At CPHI Frankfurt, we sat down with Peter Bains, MD & CEO of Syngene International, to discuss the company’s recent investments in peptides and antibody–drug conjugates (ADCs) and the broader evolution of integrated development in biologics.
Shutterstock - DIA TV
Messe Frankfurt
1) Syngene has recently invested in peptide synthesis and a new bioconjugation suite for antibody–drug conjugates. What is driving this expansion in your large molecule portfolio?
The industry is moving toward more complex biologics. We see strong pipelines in ADCs, peptides, and conjugated molecules that sit between chemistry and biology. To support that, we are building capability where it matters most. The new bioconjugation suite in Bengaluru allows us to produce monoclonal antibodies, payloads, linkers, and the conjugation itself at one site. The peptide lab in Bengaluru complements that by giving clients access to linear and cyclic peptides, peptide–drug conjugates, and early process development. Together they give us the technical depth to move molecules from research into GMP manufacture without the usual handovers that slow programs down.
2) ADCs and peptides both demand tight control. From your perspective, what are the biggest operational challenges and how do you manage them?
For ADCs, containment and segregation are critical. We are building an OEB-5 rated suite so that we can handle high-potency payloads safely while maintaining full GMP compliance. For peptides, the challenge is reproducibility at scale. Our new lab uses six automated synthesizers that run in parallel with integrated purification and quality control. That combination of containment, automation, and analytical control lets us deliver consistent batches and short lead times. It is about putting the right technology in place rather than adding complexity to the process.

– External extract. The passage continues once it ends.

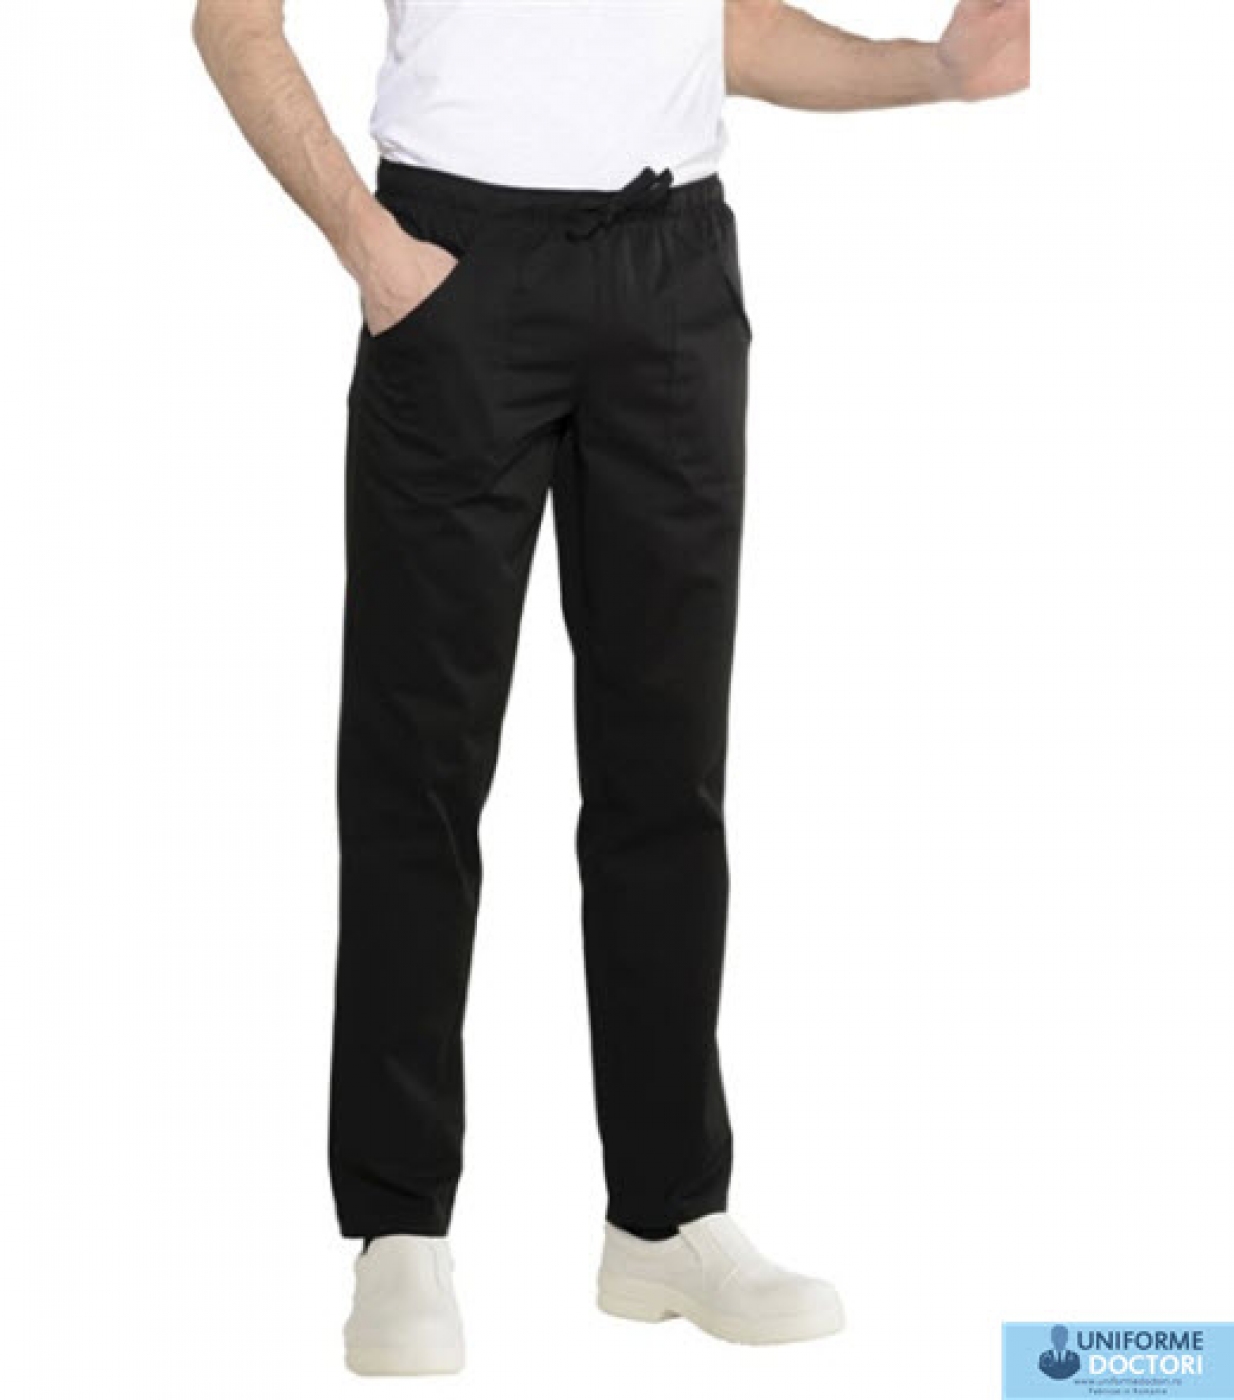 Pantalon medical, model slim-fit cu buzunare elastic si snur in talie, barbat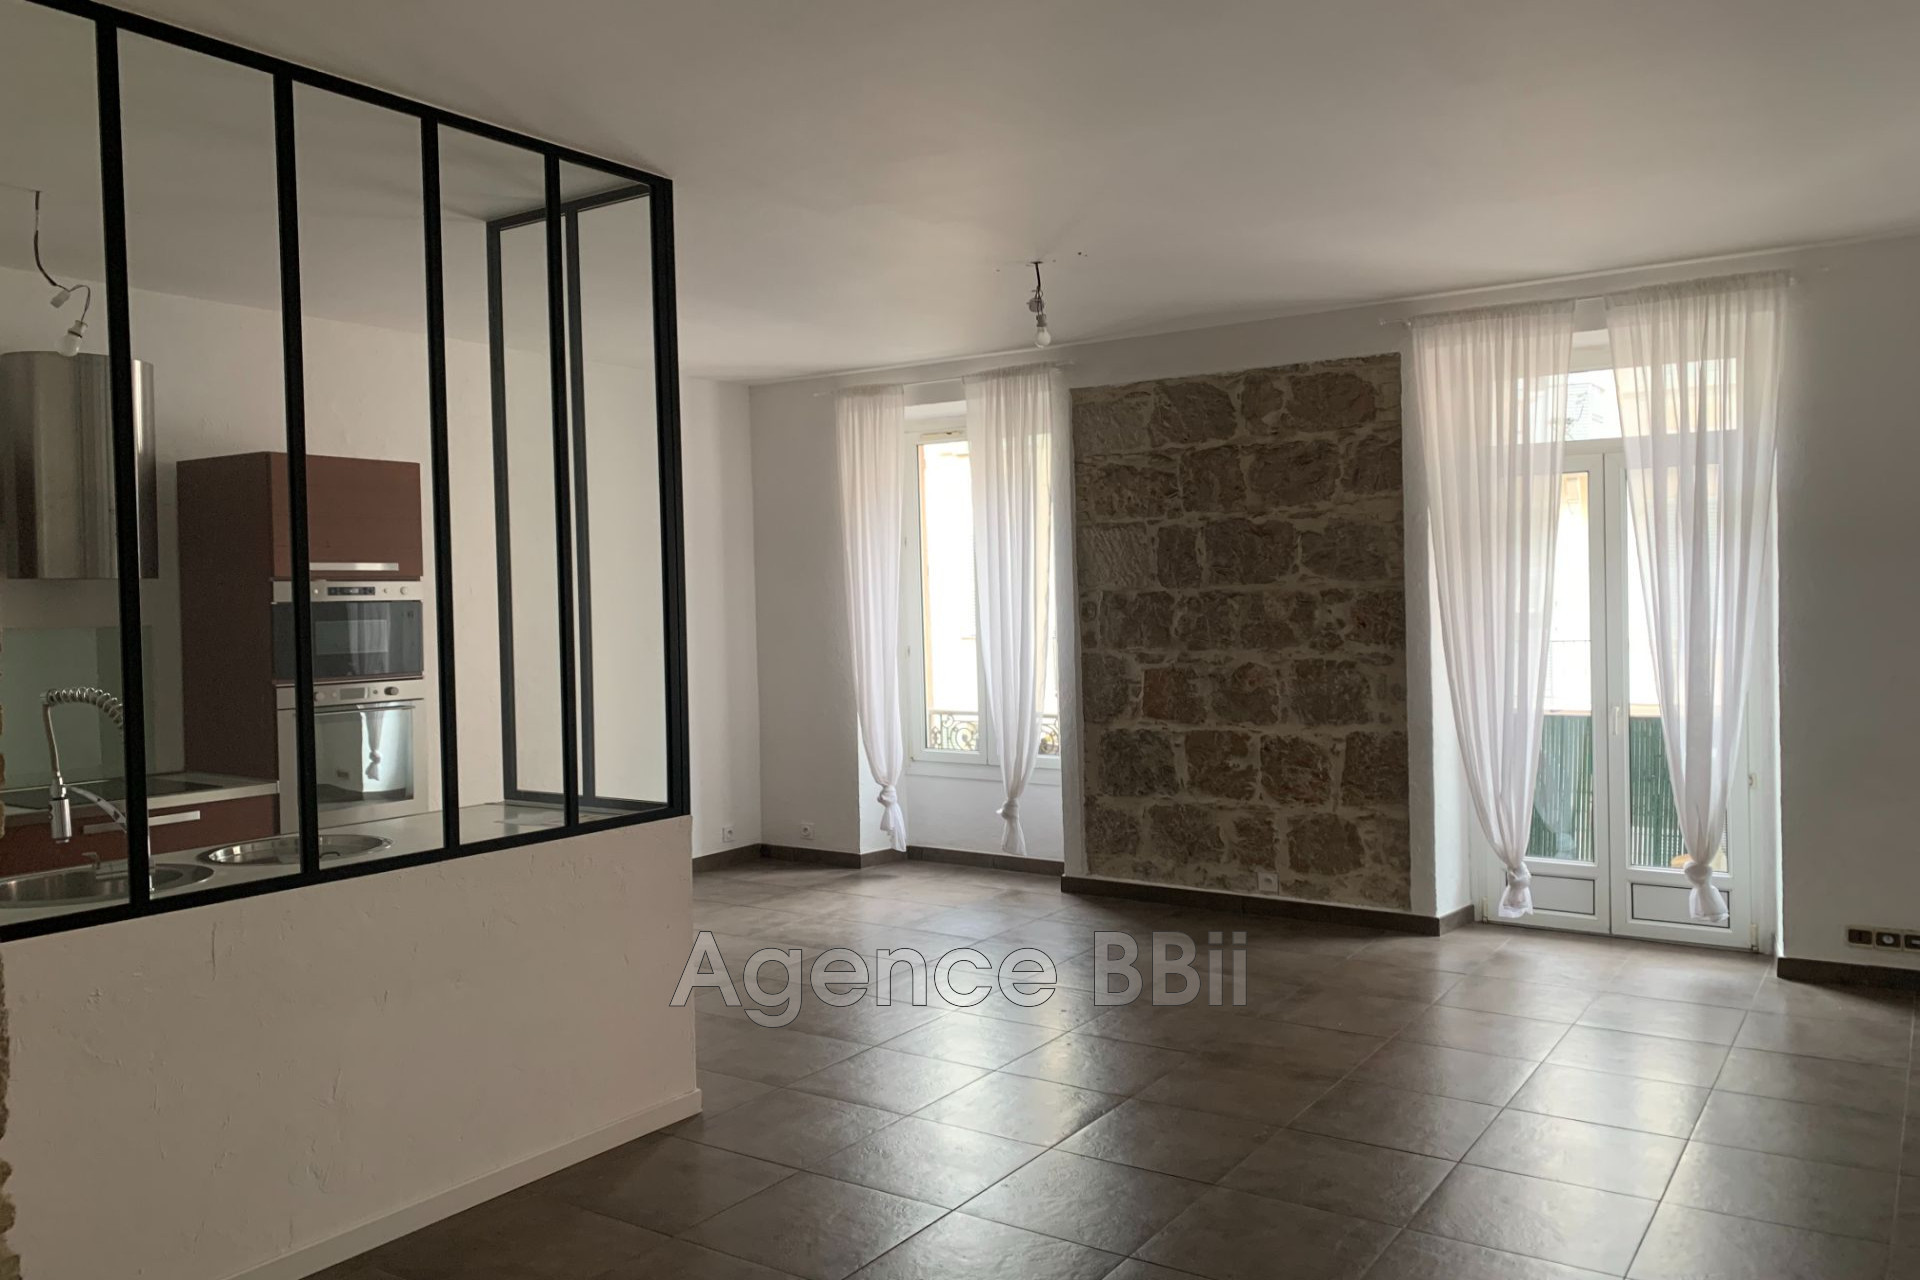 Vente Appartement 76m² 4 Pièces à Nice (06000) - BBII

3) The peptide announcement mentioned automation across DMPK and Direct-to-Biology workflows. How is automation changing the way you develop large molecules?
Automation is helping us shorten the distance between design and data. In DMPK, robotic sample preparation has cut turnaround times from five days to three while improving cost efficiency. In Direct-to-Biology, automated synthesis and screening let us evaluate compounds within days instead of weeks. The value is not just speed. It is the consistency of the data and the ability to link discovery information directly into development decisions. It gives our scientists more time to interpret results rather than run repetitive steps.
4) European pharma companies are increasingly looking to India for strategic partnerships. How do you see that relationship evolving?
What has changed is the level of technical confidence. Ten years ago, most collaborations were about capacity or cost. Today the focus is on capability. India has a mature regulatory environment and a deep talent pool in biologics and analytical sciences. For European partners, that means they can extend their own programs without losing control of quality or compliance. The conversations we are having now are about integration, data visibility, and joint program planning rather than simple outsourcing.
5) You have described Syngene’s goal as providing an end-to-end pathway for large molecules. What does that look like in practice?
End-to-end means a connected process, not just a list of services. For an ADC, for example, we can take a client’s antibody sequence, express it in our biologics plant, link it to a payload and linker from our chemistry division, carry out the conjugation in the new suite, and perform analytical release under one quality system. The same philosophy applies to peptides. The advantage is that data, materials, and people stay within a single workflow. That reduces transfer risk and gives clients a clean regulatory story when they move toward clinical manufacture.
6) Where do you think large-molecule development is heading over the next few years?
We will see more convergence between chemistry and biology. ADCs, peptides, and other conjugates are part of that trend. From an operational point of view, the winners will be the organisations that can bring multiple skill sets together and manage data across the full lifecycle. The challenge is to stay flexible while maintaining GMP discipline. For us, that means continuing to invest in people, digital systems, and capacity so that when new modalities appear, we are ready to move with them.